On February 20, 2011, NBC introduced Hockey Day in America – patterned after the CBC's Hockey Day in Canada, it featured eight of the most popular American teams in regional games: the Washington Capitals at the Buffalo Sabres (seen in the Buffalo and Washington, D.C. markets), the Philadelphia Flyers at the New York Rangers (seen nationally), and the Detroit Red Wings at the Minnesota Wild (only seen in Detroit and Minnesota markets), followed by the Pittsburgh Penguins at the Chicago Blackhawks for the national doubleheader.
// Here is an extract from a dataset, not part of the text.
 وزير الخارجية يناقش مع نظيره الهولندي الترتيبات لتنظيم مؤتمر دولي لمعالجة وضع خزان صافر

The tripleheader would be completed with the 2011 Heritage Classic, for which viewers were redirected to Versus.

On April 19, 2011, after ESPN, Turner Sports and Fox Sports placed bids, NBC Sports announced it had reached a ten-year extension to its television contract with the NHL (through the 2020–21 season) worth nearly $2 billion over the tenure of the contract. The contract would cover games on both NBC and sister cable channel Versus, which became part of the NBC Sports family as the result of Versus parent Comcast's controlling purchase of NBC Universal earlier in 2011. In relation to the contract's announcement, Versus would receive a new name to reflect its synergy with NBC Sports; the channel rebranded as NBC Sports Network on January 2, 2012 (it would later be abbreviated on-air and then officially shortened to NBCSN); NHL coverage on Versus would begin to be produced identically to NBC's NHL coverage beginning in the 2011–12 season, leading up to the brand change.
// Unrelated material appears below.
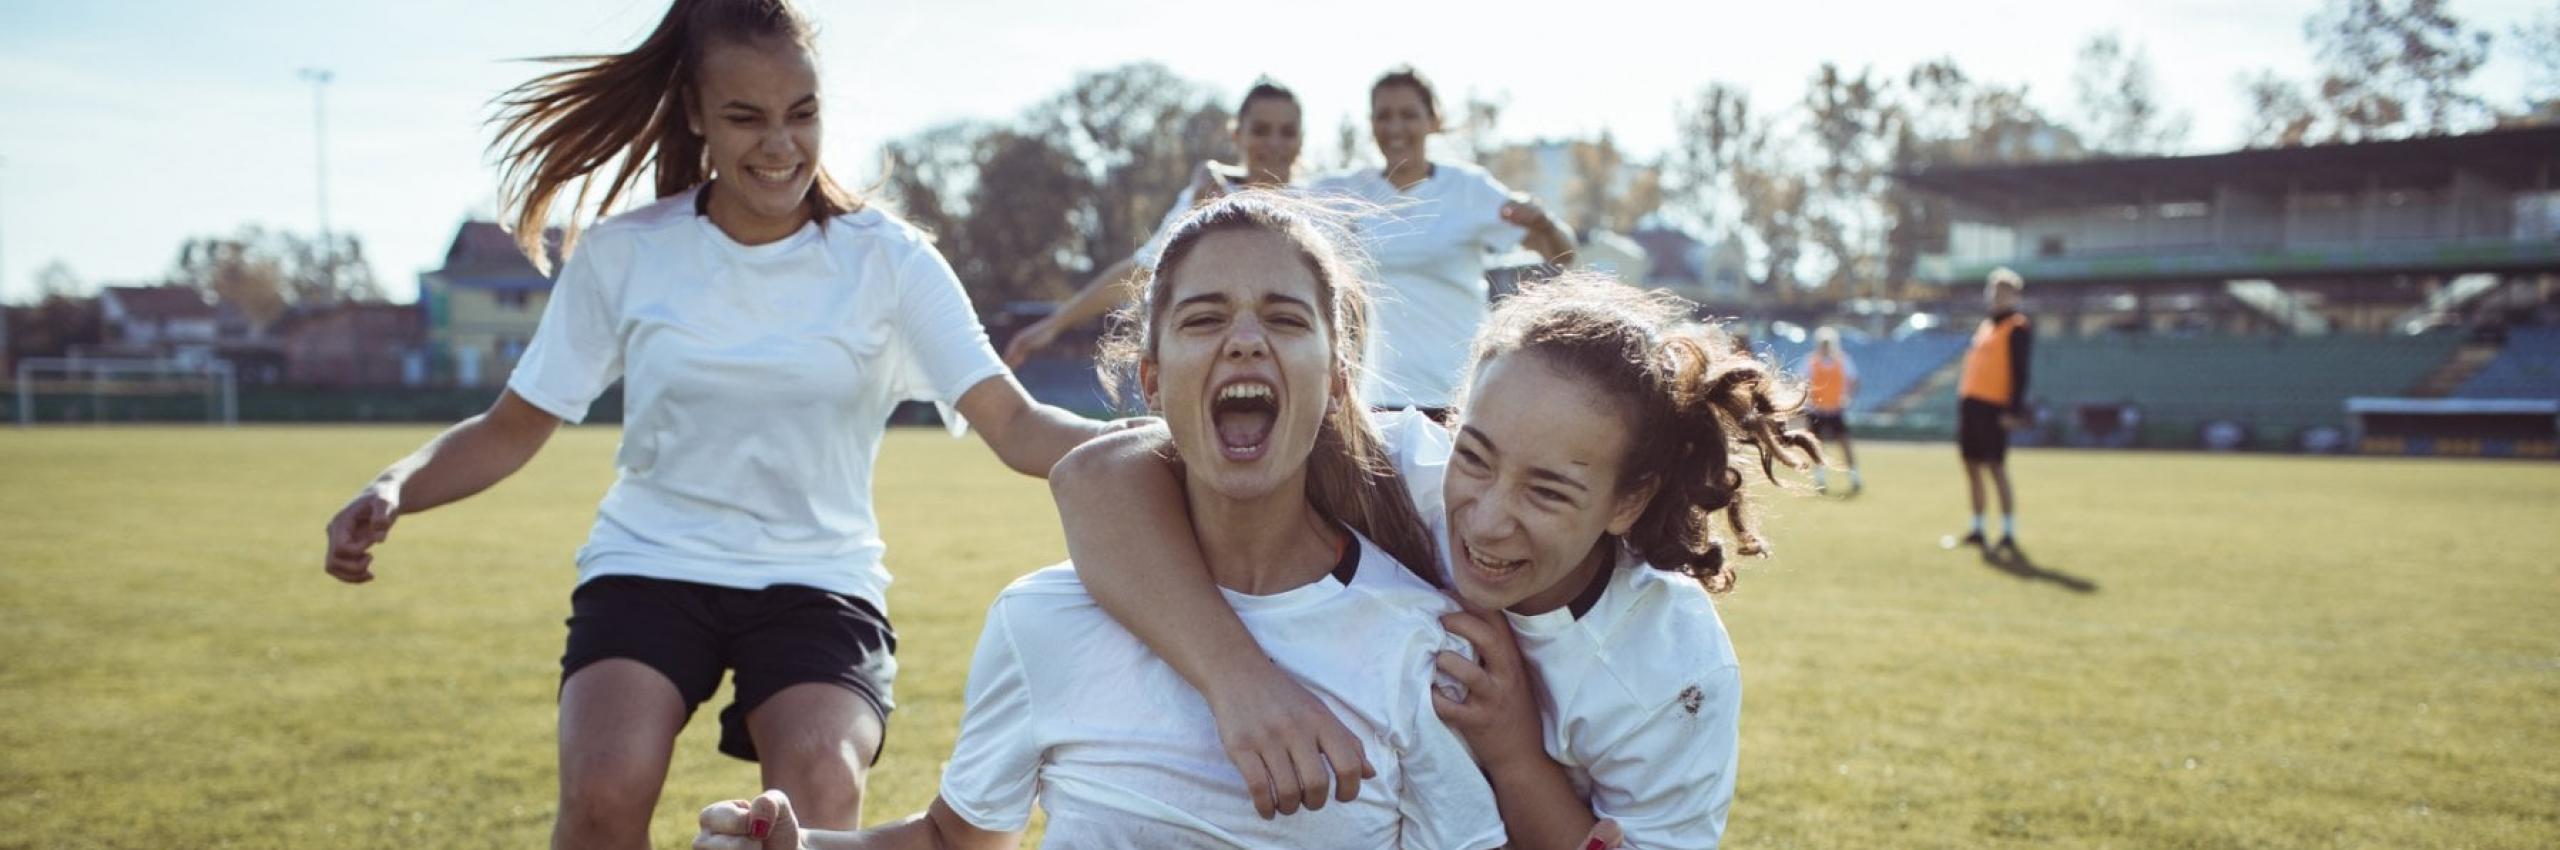 Noi con lo sport femminile per inclusione e diversità

The terms of the deal included:
- A rights fee of roughly US$200 million per year for the combined cable and broadcast rights, nearly triple that of the previous contract;
- Increased weekly regular season coverage on Versus/NBCSN (as many as 90 games per season on Monday, Tuesday and Wednesday nights), with Sunday night games also being added by the channel later in the season.
- Rights to an annual "Thanksgiving Showdown" game airing on NBC the day after Thanksgiving ("Black Friday" afternoon) (the 2012 edition was cancelled due to the 2012–13 NHL lockout). The November broadcast is the earliest an NHL regular season game has aired on a broadcast television network in the U.S. since the 1950s, when the league still only had six teams. The 2013 "Thanksgiving Showdown" game featured the Boston Bruins hosting the New York Rangers; it was widely expected that Boston will remain the home team in future years and launch a holiday tradition for the league and network (Boston has hosted matinee games the day after Thanksgiving since the 1980s), much like Detroit and Dallas traditionally host National Football League games on Thanksgiving Day; however, NBC decided to end this tradition for the 2014–15 season, with a Black Friday matinee between the Philadelphia Flyers and New York Rangers being aired instead, while Boston held a locally televised game on the evening of Black Friday in 2014. Boston resumed hosting the game in 2015, with a second Black Friday game (Chicago at Anaheim) airing later in the afternoon on NBCSN.
- Continued coverage on NBC of the NHL Winter Classic, to be played on New Year's Day unless that day lands on a Sunday, in which case the game is moved to January 2 (despite the open time slot on Sunday afternoons, NBC is effectively forbidden via a gentleman's agreement with the NFL which prevents any form of strong counterprogramming against NFL games televised on CBS and Fox). Initially the Classic was expected to be played in primetime, however to date every game has been scheduled for a 1 pm ET start, and due to new competition from the College Football Playoff the game is now expected to remain a daytime game for the foreseeable future. NBC has instead opted to air one prime time game each year, later in the season, since 2014.
- A national "Game of the Week" continuing on NBC as in previous years, beginning each January (January is the start month due to NBC's contract with the NFL).
- Hockey Day in America becoming a permanent annual part of the NBC schedule.
- Rights to any future Heritage Classics, which would be aired on NBCSN.
- Digital rights across all platforms for any games broadcast by NBC or NBCSN.
- Increased coverage of Stanley Cup Playoff games, with all playoff games airing nationally on NBC, NBCSN, CNBC, USA, and NHL Network. (even Golf Channel have also been used for Stanley Cup playoff games.) Local sports networks can carry their teams' first-round games, but any games on NBC, and any NBC cable games from the second round onward, will be exclusive to NBC.
- Continued sharing of the Stanley Cup Final on NBC (which will air games one, two, and all "if needed" games) and NBCSN (games three and four). The deal gives NBC the option of moving games three and four to the broadcast network. During the 2013 Stanley Cup Final, NBC aired games one, four, five, six and seven while NBCSN aired games two and three.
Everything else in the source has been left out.